The camp was not hard to find; it is the first sign of human presence for many miles after leaving Stony River, and sits up on a shelf of land with good visibility both upriver and down. We pulled in and found a tidy camp that was perfect for our needs. There is a pebble-strewn beach, which makes unloading the boat much easier and less perilous than the mucky mud flats at Stony Landing. The five-foot high riverbank has a wide walkway cut into it leading up to the flat shelf where a half dozen log structures are scattered among the birch trees. The shelf is about 100 feet deep, and is backed by a very steep hill covered thickly in green and golden birch. There is a large, single-room log cabin in the center of the clearing; a much smaller bunk house with a single window and its own small wood stove; a log steam house, a generator house, an outhouse and a small cabin we dubbed the “entertainment house,” for it is partially carpeted and contains only a sofa, a television and a stereo cassette/CD player. This, we learned later, is Brian’s cabin.

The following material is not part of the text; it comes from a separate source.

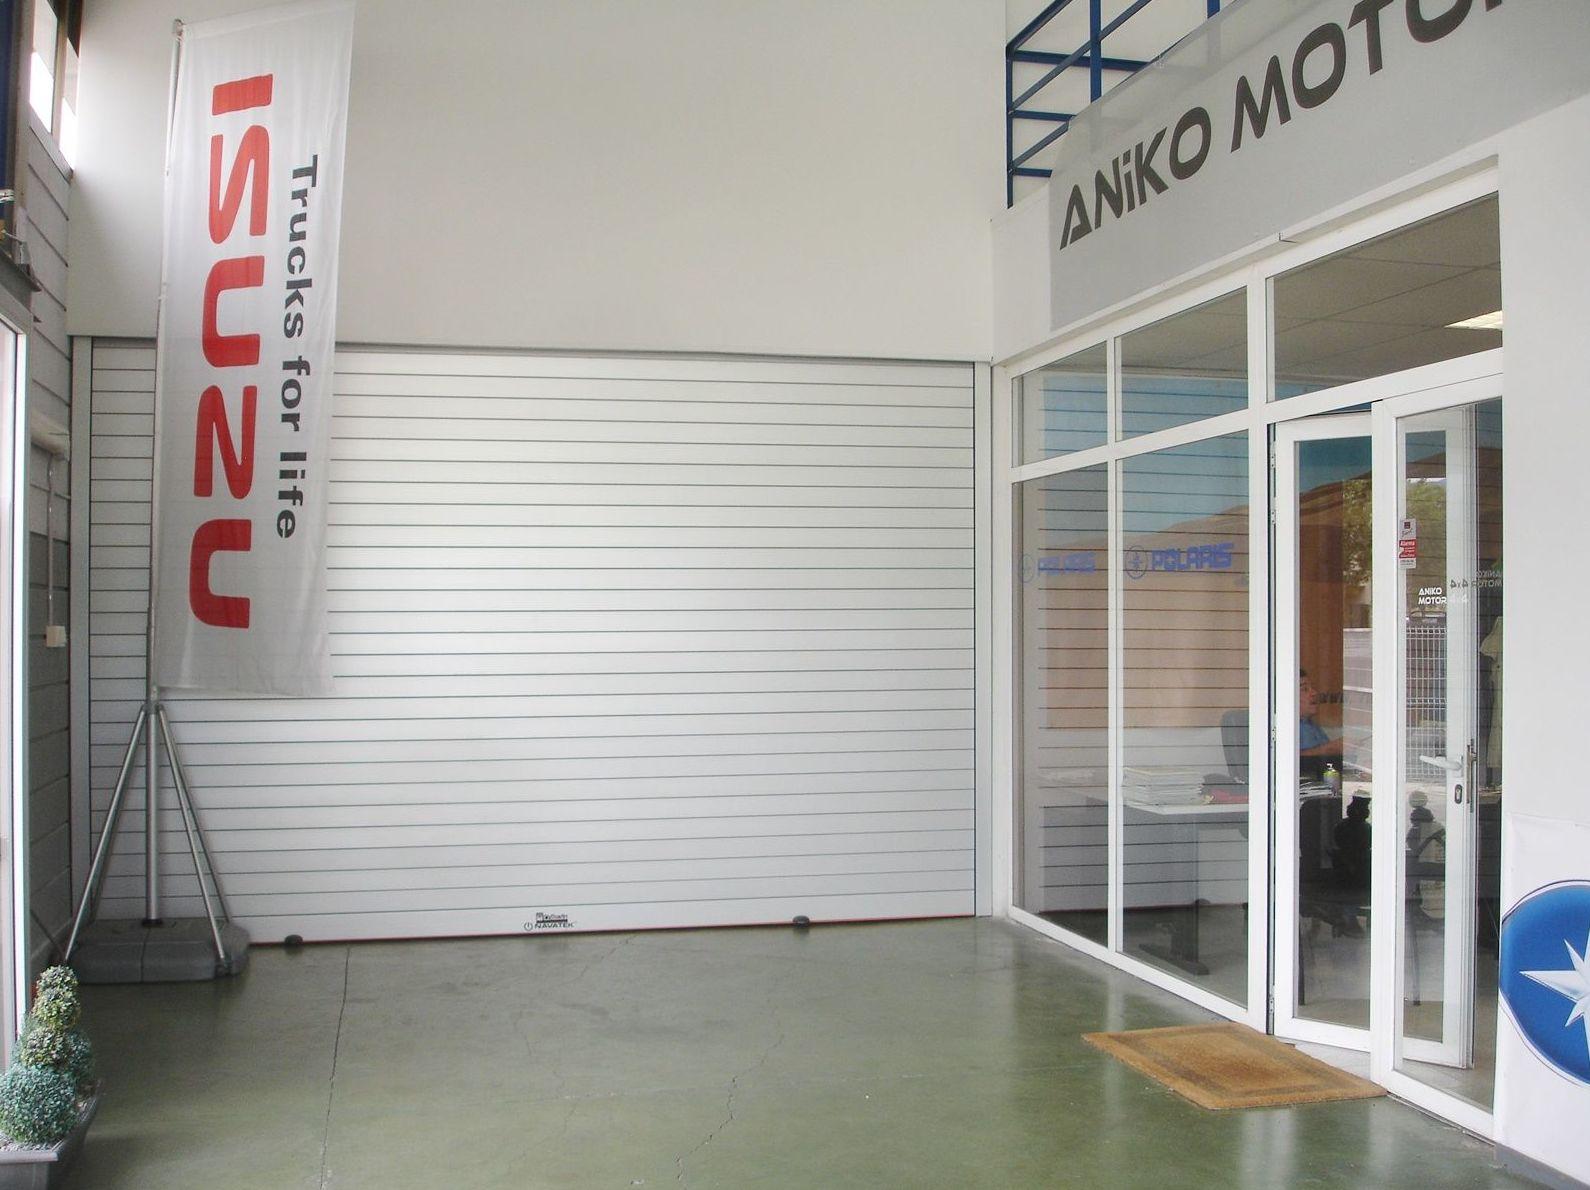 Foto 124 de Puertas automáticas en Olite | Navatek Puertas Automáticas SL

By the time we made this quick inventory there was a noticeable but tiny, high-pitched buzz telling us a boat was coming from downriver. We could barely see a tiny black speck moving on the river, though we could hear the motor’s voice quite clearly. It was a good several minutes of watching the speck slowly get larger as the voice got stronger before Andrewski beached his 18-foot skiff and jumped out smiling. He simply nodded at us; the fact that we found the place was obvious and did not need stating.

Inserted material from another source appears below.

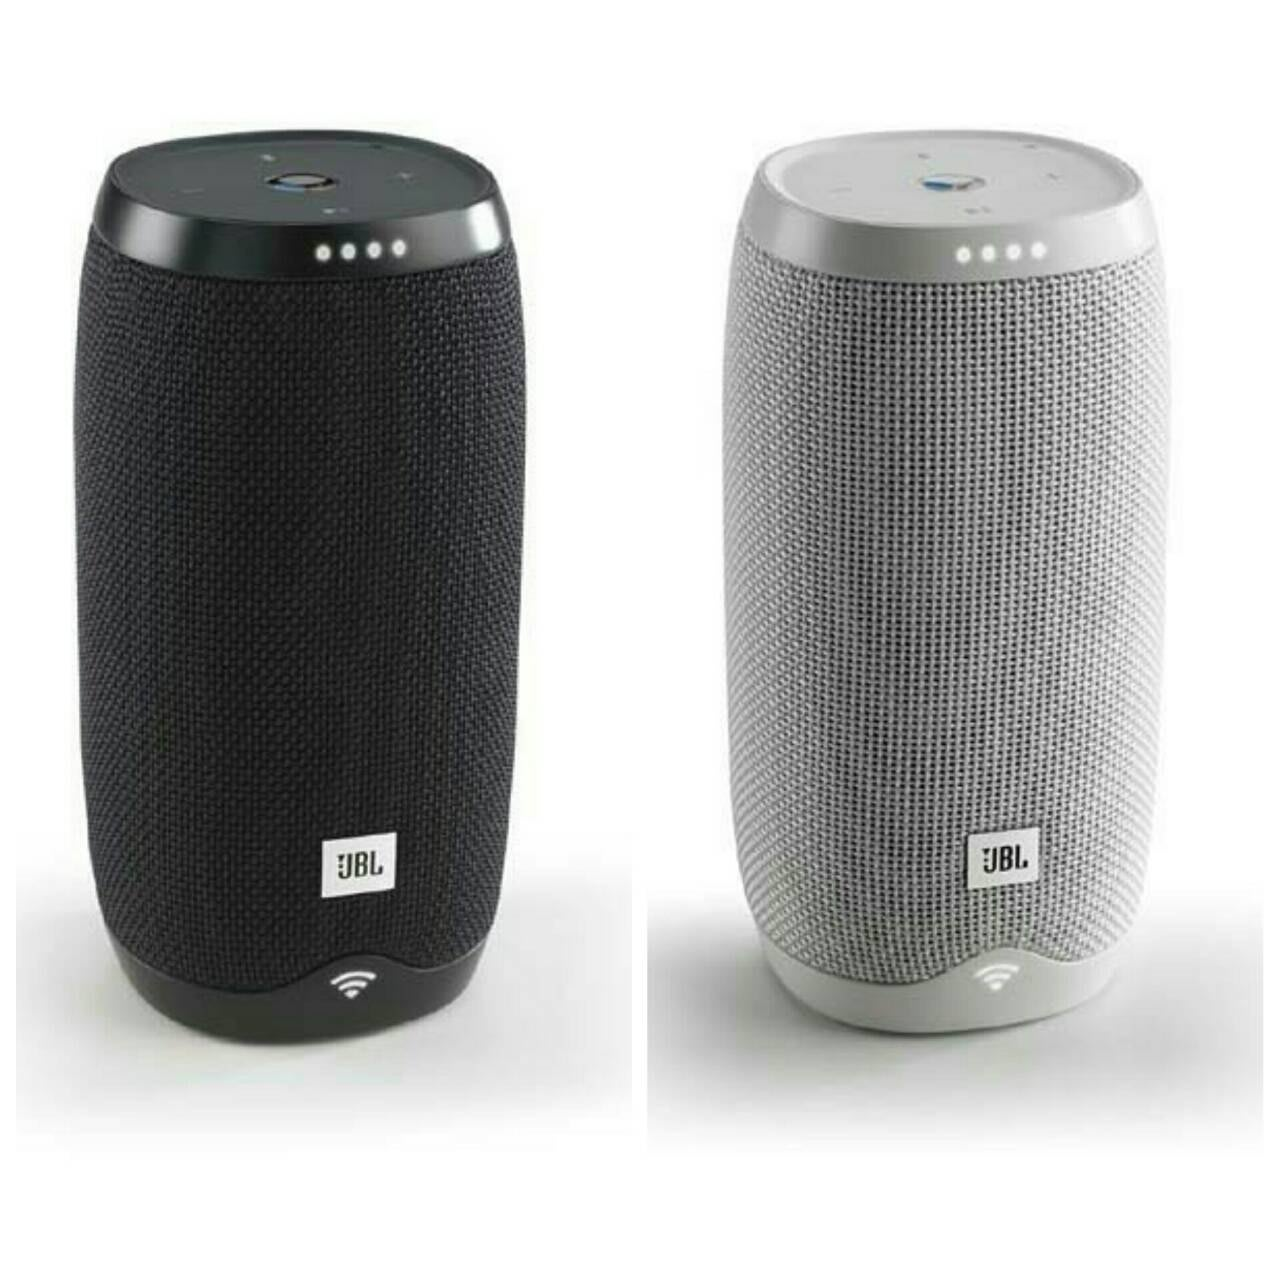 日本代購 JBL Link 10 防水智能喇叭 Google Assistant智能助理 兩色可選    預購

He had said to us that morning at his kitchen table that “lotsa guys never make it to all the way up to Stony from Bethel, but have to turn back.” His way of acknowledging that three women doing it was pretty significant around here, too.
Before the massive chore of unloading the boat began, Andrewski wanted to take Lynn up the river in his boat to show her the entrance to the Swift River. We had heard that it is fairly intimidating, that the water rushes out of it into the Kuskokwim in a furious boil. They don’t call it the Swift for nothing. The mouth has a half dozen small channels, but only two are negotiable by motorboat, and only the deeper of those two would be possible for my boat.
Lynn and Tracy jumped in with him and they took off like a shot. Andrewski raced up the river at the very edge, where the current is less and therefore takes less gas. When they returned about 20 minutes later, both women had big round eyes. They said later that he drove straight up the Kuskokwim and then turned full speed straight into the side of the river, into what looked like a log graveyard and boulder field strewn across a shallow creek.
“You would never turn a boat in there if you didn’t know exactly what it was; never, never, NEVER!” Lynn exclaimed.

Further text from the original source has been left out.